To see the names of the pods executing the function, run:

$ kubectl get pods --namespace=openfaas-fn -o wide | grep "emnist-train"

To see the results of the training in the logs, run:

$ for server in $(kubectl get pods --namespace=openfaas-fn -o wide | grep "emnist-train" | cut -d' ' -f1); do kubectl logs --namespace=openfaas-fn $server emnist-train; done

The full stack of tests is available in the tests folder and can be run from with the test.sh script. To include a test on the current execution of test.sh the corresponding file from tests should be copied into the home file. Diferent files have different values of batch_size and number_of_pods. After the required tests are in the project folder, they can be run using:

$ nohup test.sh &

The outputs are saved in an output.txt file.

DownpoutSGD_global_client_nFetch10, emnist321.yml

Round Time (s) Iterations 42 41 40
1 1415 5 X
2 209 5 X
3 770 5 X
4 768 5 X
5 210 5 X
Avg 674 5
Stdev 499 0

DownpoutSGD_global_client_nFetch10, emnist323.yml

Round Time (s) Iterations 42 41 40
1 393 3 X
394 3 X
352 16 X
2 620 11 1
595 10 X
597 9 X
3 1914 11 X
1963 11 X
1964 13 Y
4 415 3 X
415 3 X
363 16 X
5 355 17 X
473 4 X
474 4 X
Avg 752 9
Stdev 624 5

The full set of results is available in the test folder.

Branches

The branch naming follows the convention name algotithmName_databaseType_args_type, where algorithm might be DownpourSDG, databaseType global or local (with synchronization in the background) and args can be the nFetch or nPull parameters. The types are the following:

  1. Single function training means that a single function is responsible for loading the data, initialising and training the network.

The remaining need 2 different functions deployed on OpenFaaS. A setup function that initialises the network and the state, and then calls a train function, that trains the network with the data.

  1. One function per iteration means that each iteration of SGD is run in a separate function. If the training takes 50 iterations, at the end of each iteration the train function requests the gateway to schedule the next invocation of the function. If the data is divided into M parts, each of the parts executes one function per iteration.

  2. Setup + loop in one function means that the entire training (all iterations) are run in a single function. The setup function initialises the network and then calls M train functions depending on the number of machines in the cluster.

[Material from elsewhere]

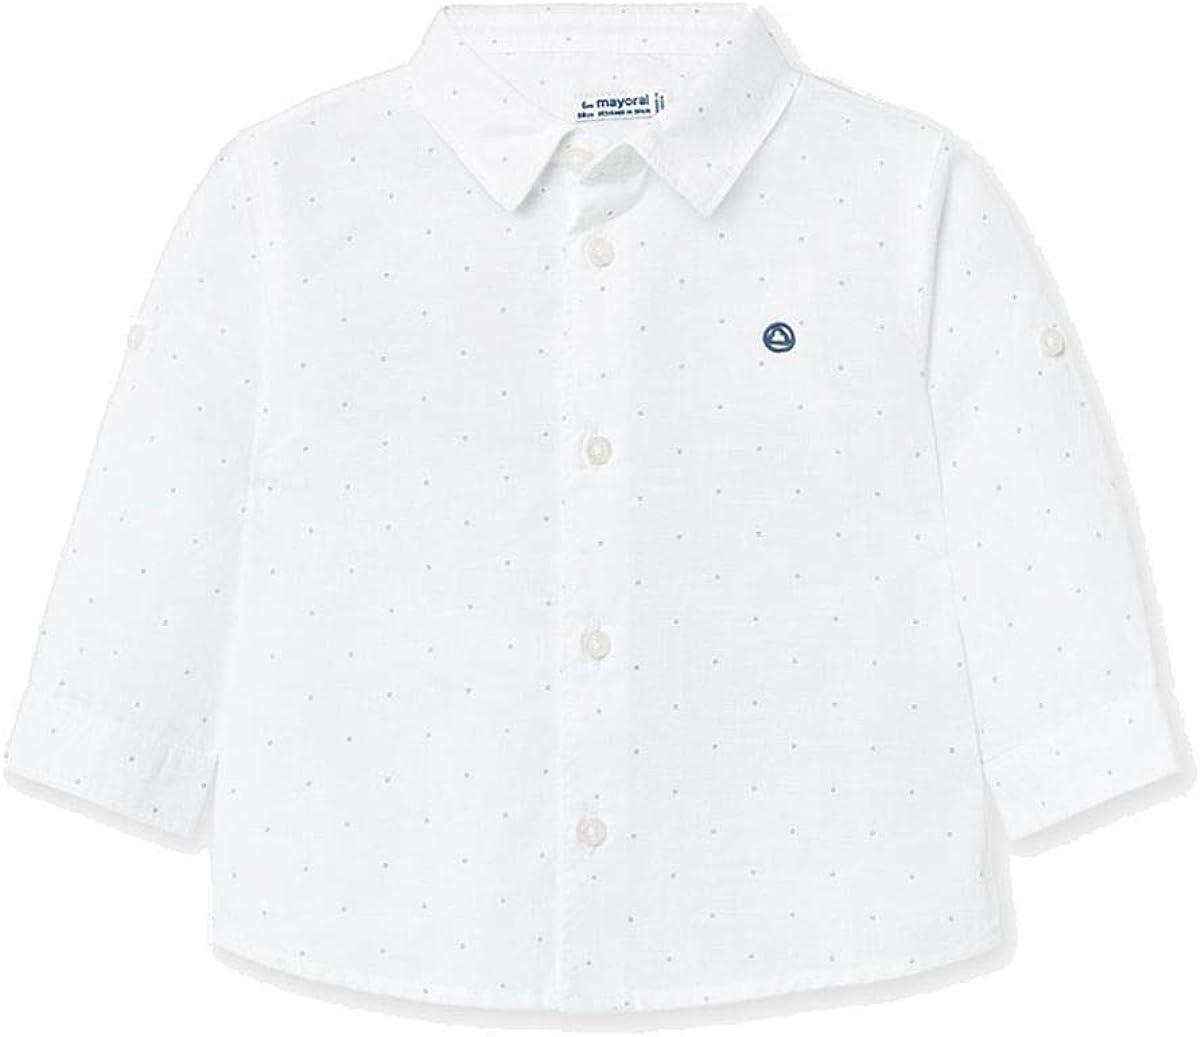 Mayoral Camisa de lino M/L para niño: Amazon.es: Ropa y accesorios
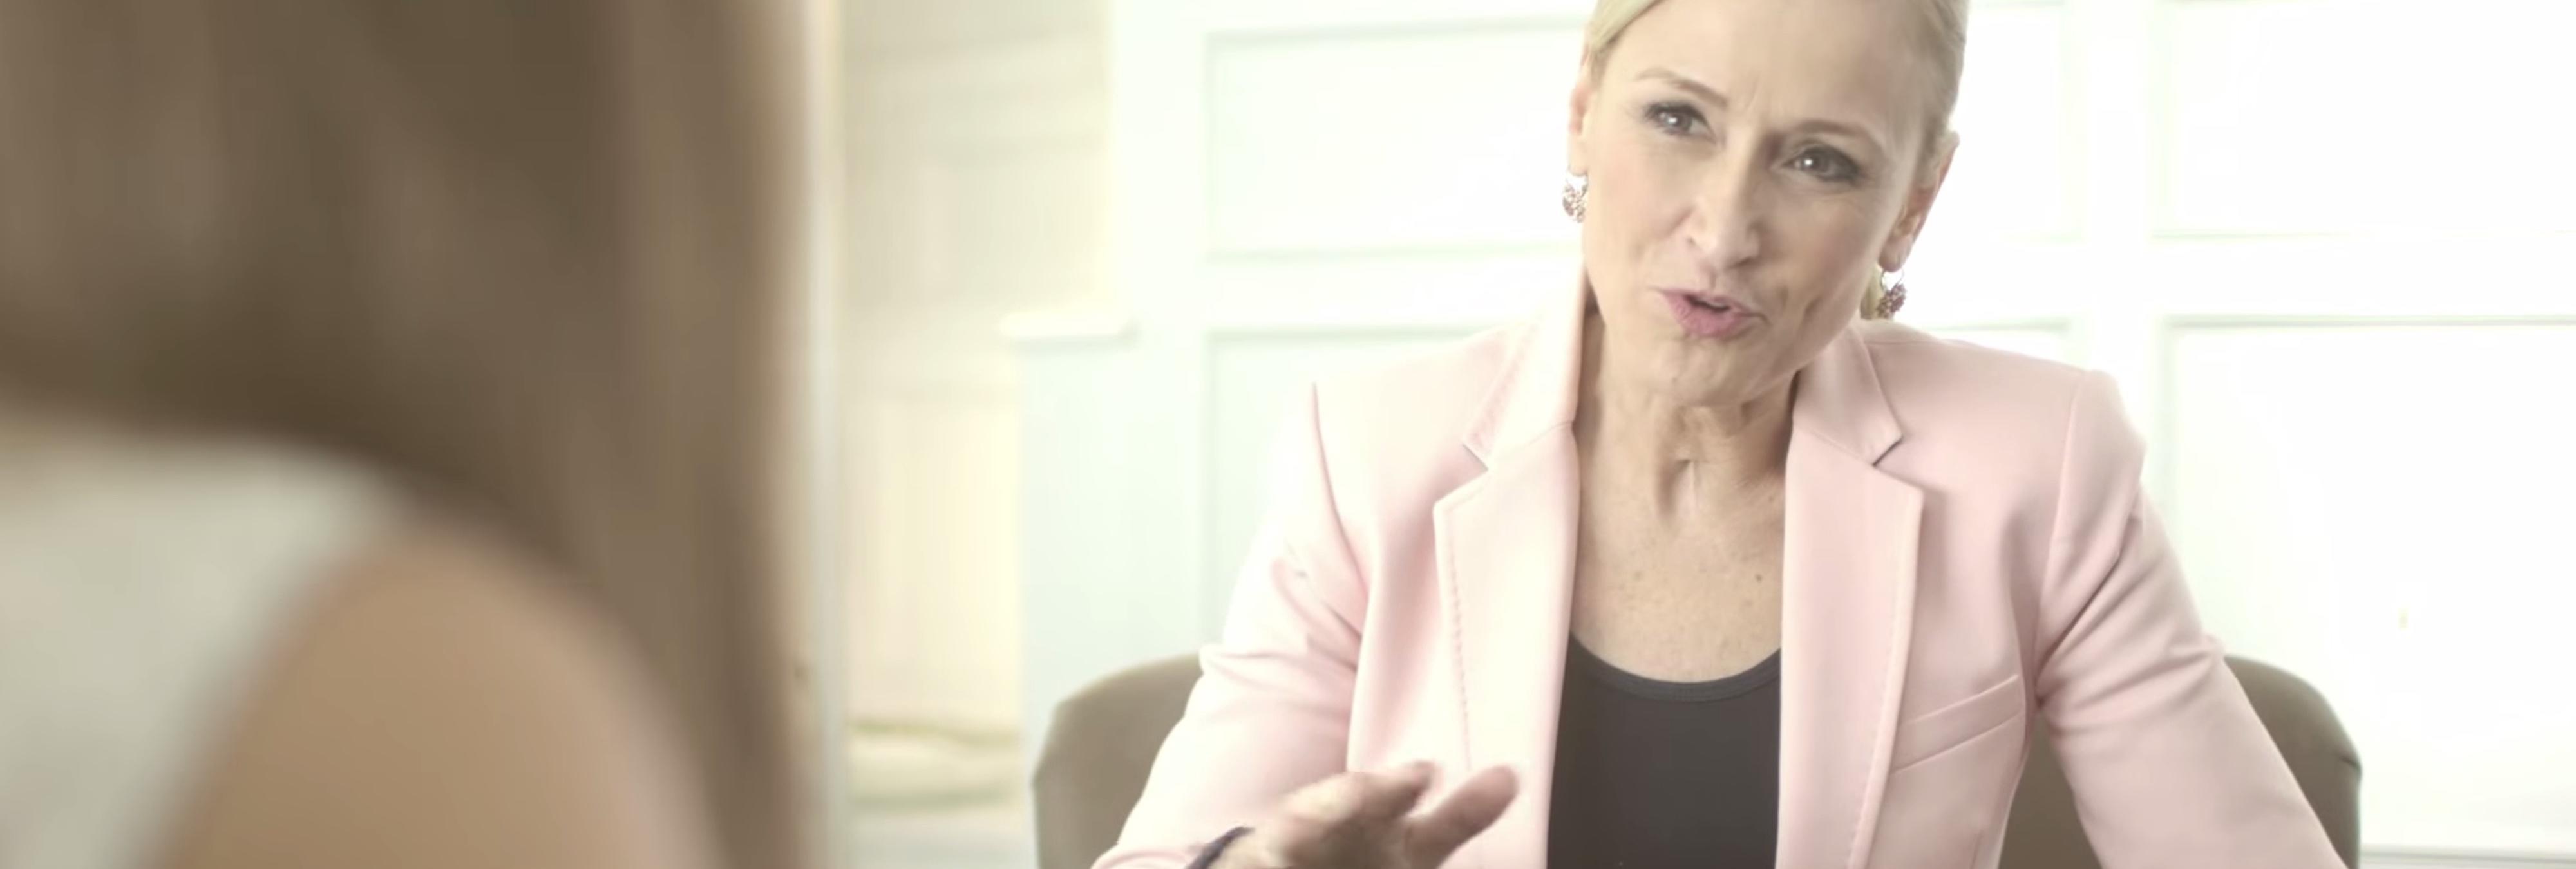 Cristina Cifuentes bajará el precio del abono de transporte a 20 euros... o eso dice

Type 3 has the added benefits of natural scalability and fault tolerance.

Tasks

  • Write a proper test suite to benchmark the system
  • Find a bigger dataset, in the order of 1GB, and adjust it to this particular problem
  • Explore data parallelism in the larger dataset, using the function parallelism native in OpenFaaS to parallelise separate batches of data (Average parameters)
  • Adding a Redis / Memcached pod on the Kubernetes cluster. The data will start being stored and retrieved from this datastore rather than passing via HTTP requests
  • Building a Python decorator that makes the database calls without the programmer having to hard code them
  • Add affinity between the OpenFaaS and the Redis / Memcached pods to have the data used by an OpenFaaS worker stored in that same worker
  • Explore data parallelism in the larger dataset, using the function parallelism native in OpenFaaS to parallelise separate batches of data (Downpour SGD)
  • Try the binary memcached protocol
  • Update only the changed parameters in each minibatch
  • Synchronize multiple memcached machines in the background
  • Repeat tests with more machines (Kubernetes scheduling problems)
  • Deal with specific bottlenecks of the system
  • Show some aditional use cases